Brief: State how many lines in the listing include the word "Poly", and give no other text.

Task data:
━━━━━━━━━━━━━━━━━━━━
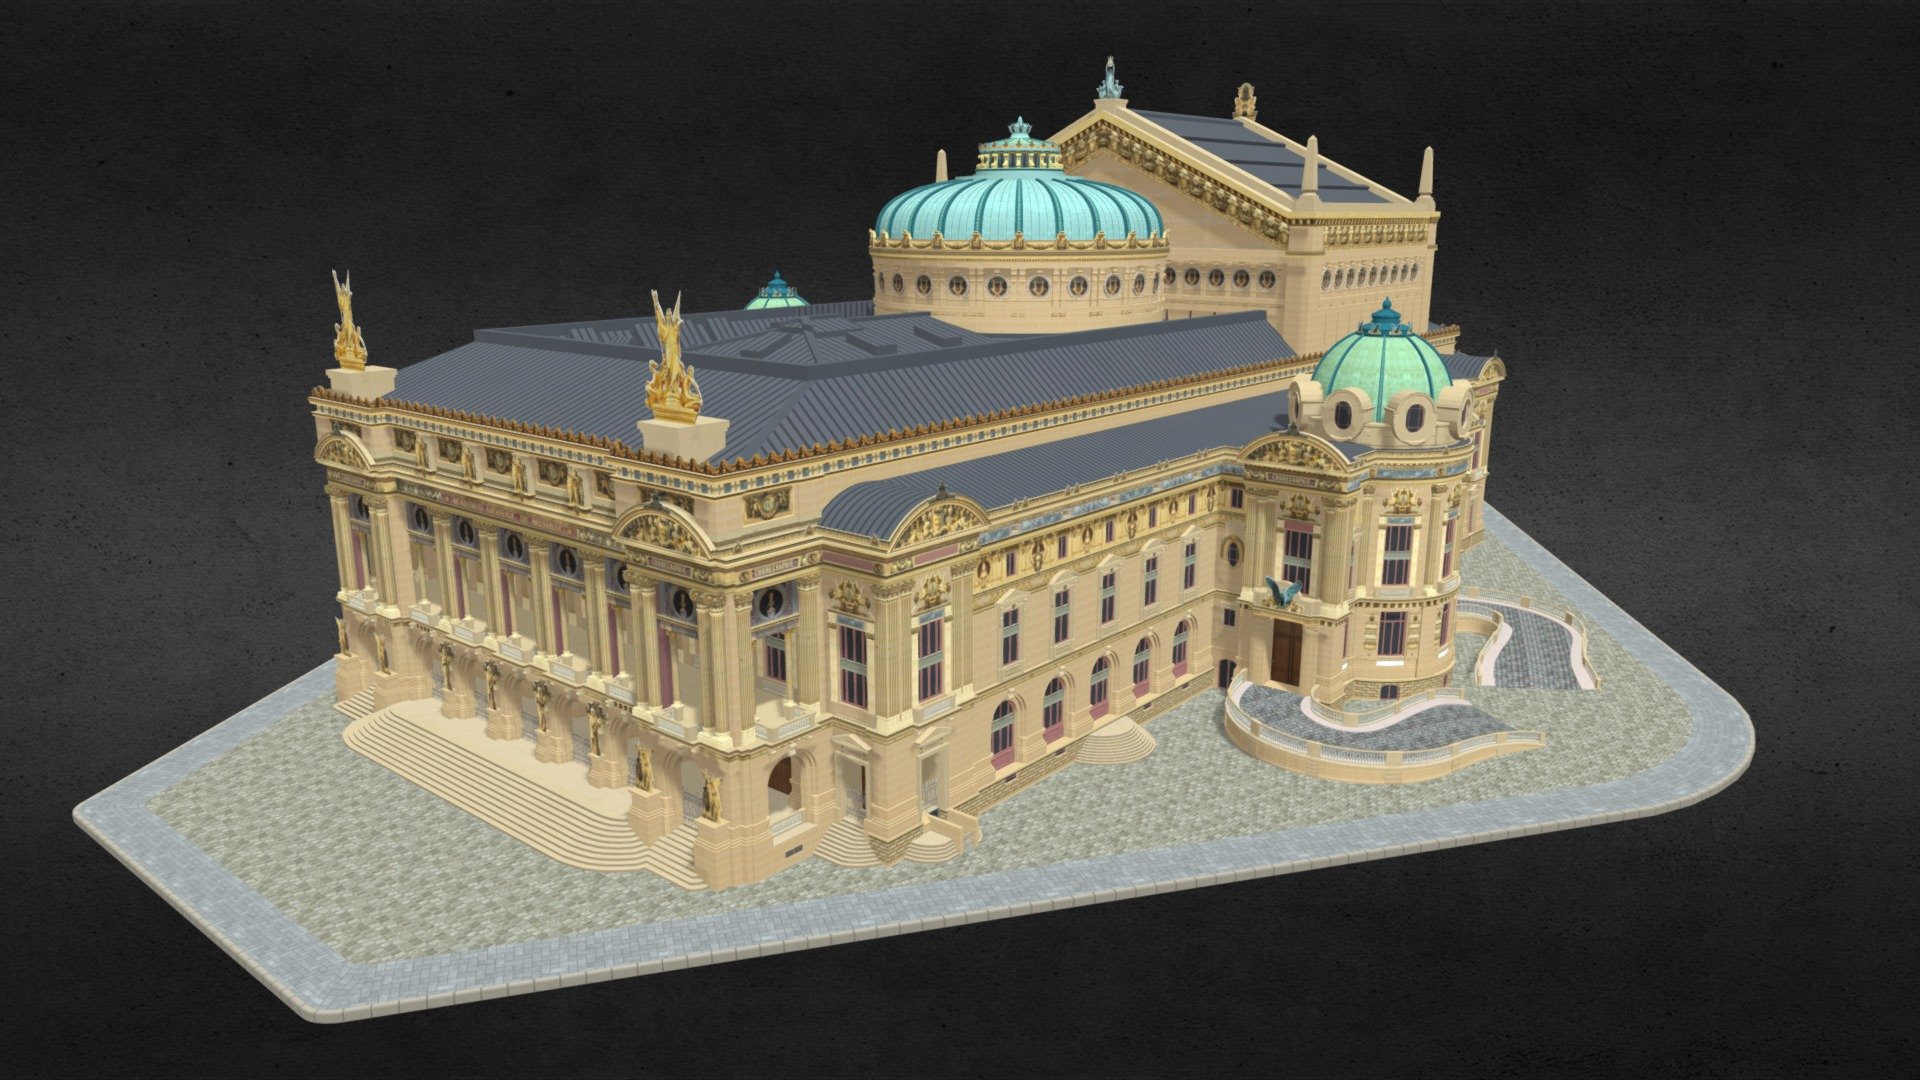 Opera Palais Garnier House Paris 3D Model
Originally created with 3ds Max 2015 and rendered in V-Ray 3.0. 

Total Poly Counts:
Poly Count = 817104
Vertex Count = 852654

https://nuralam3d.blogspot.com/2022/06/opera-palais-garnier-house-paris-3d.html - Opera Palais Garnier House Paris 3D Model - 3D model by nuralam018 3d model
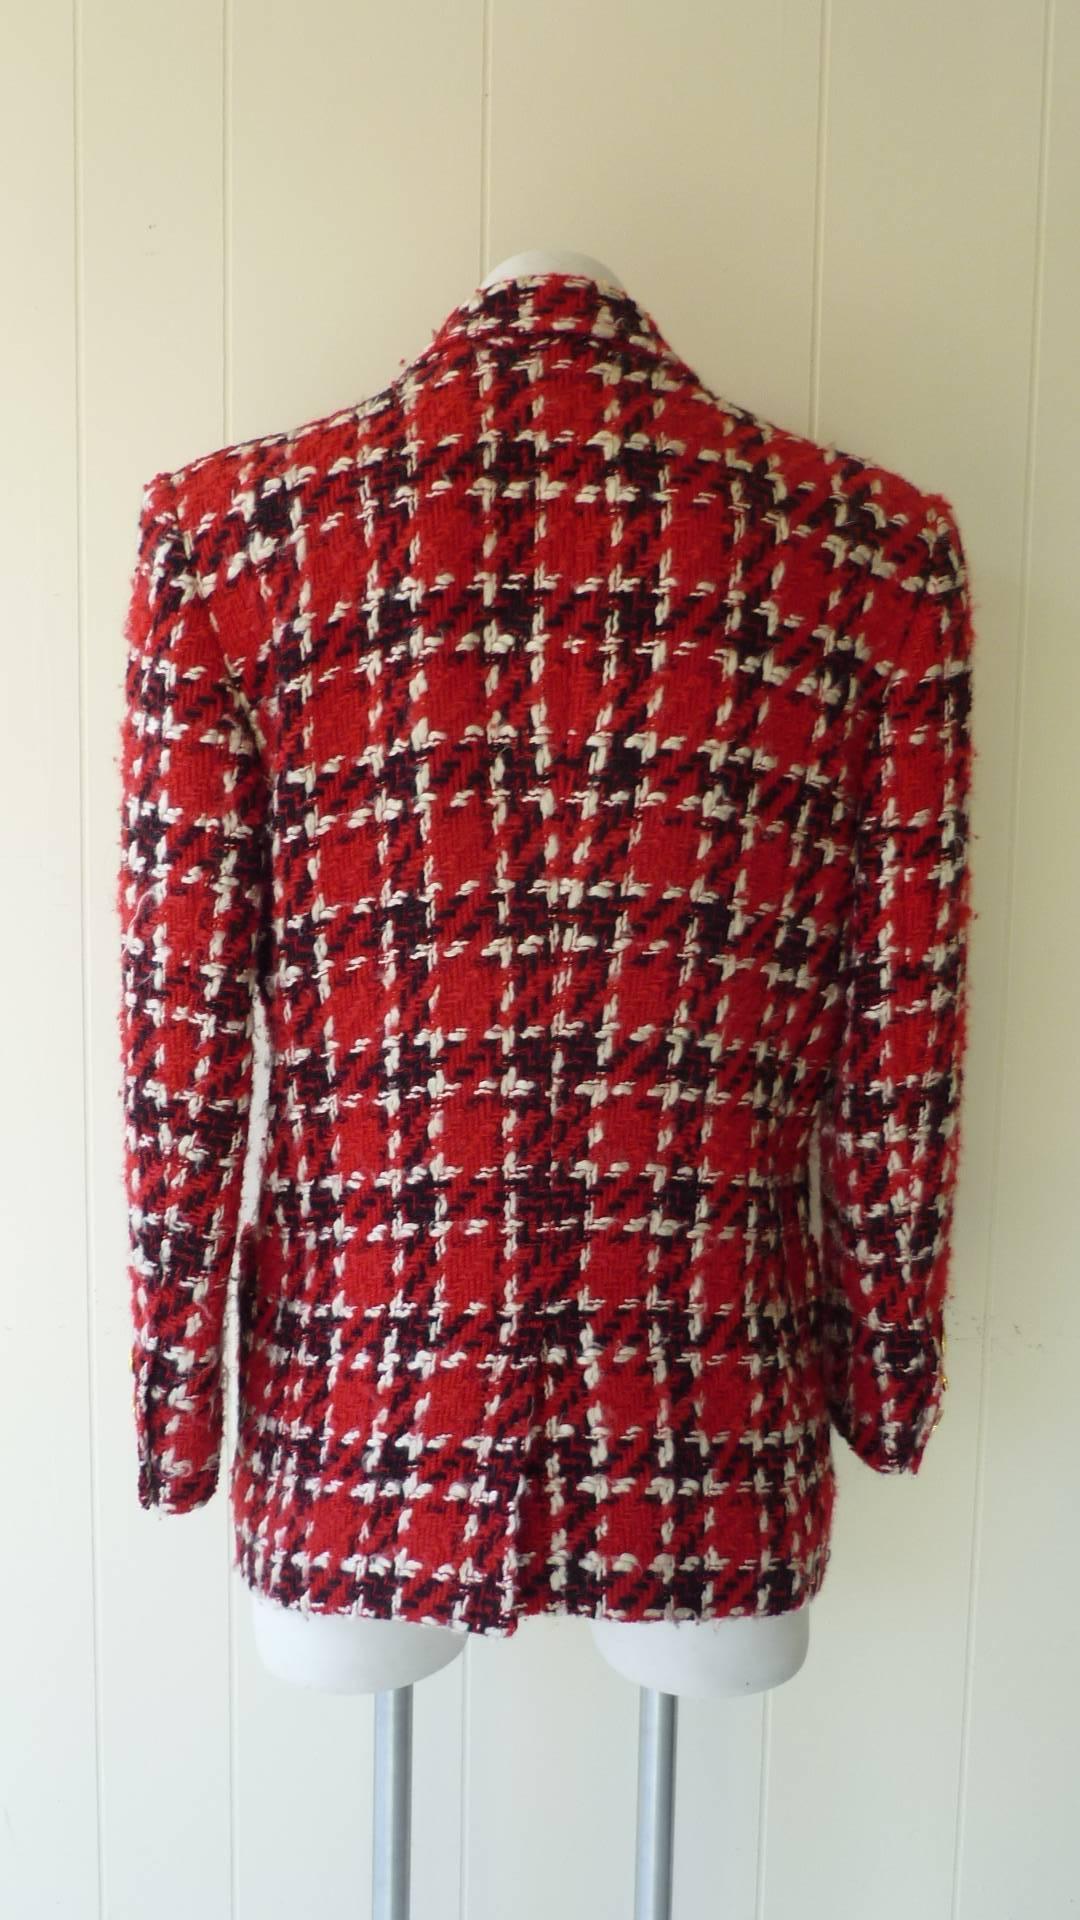 This is a traditional 1980s tweed jacket with a red, white and black weave. There are four front pockets, two with Rue Cambon buttons; a vent to the back; three Rue Cambon buttons on each sleeve, and a lapel collar.
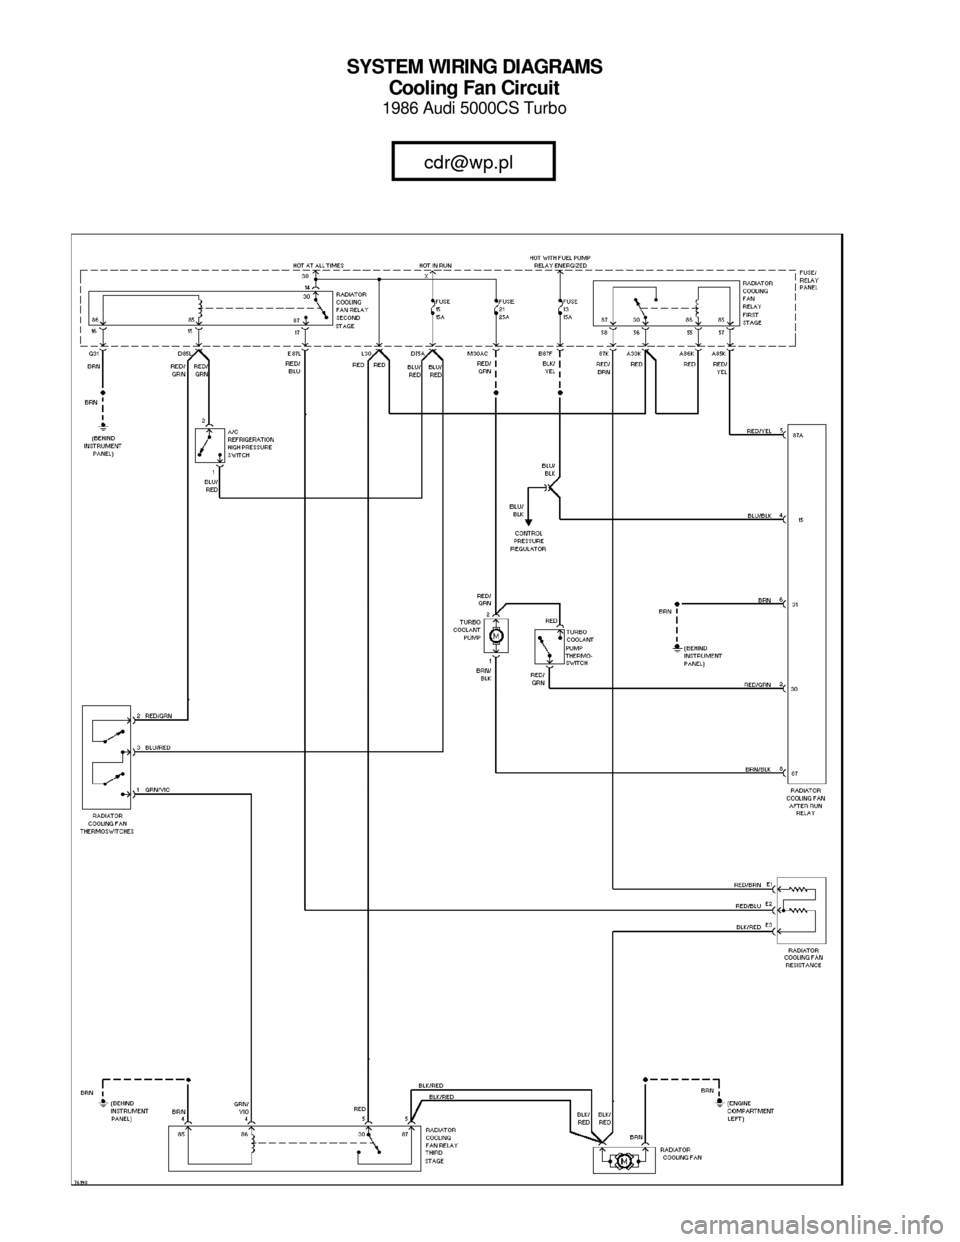 AUDI 5000CS 1986 C2 System Wiring Diagram SYSTEM WIRING DIAGRAMS
Cooling Fan Circuit
1986 Audi 5000CS Turbo
For x    
Copyright © 1998 Mitchell Repair Information Company, LLCMonday, July 19, 2004  05:51PM
━━━━━━━━━━━━━━━━━━━━
Solution: 2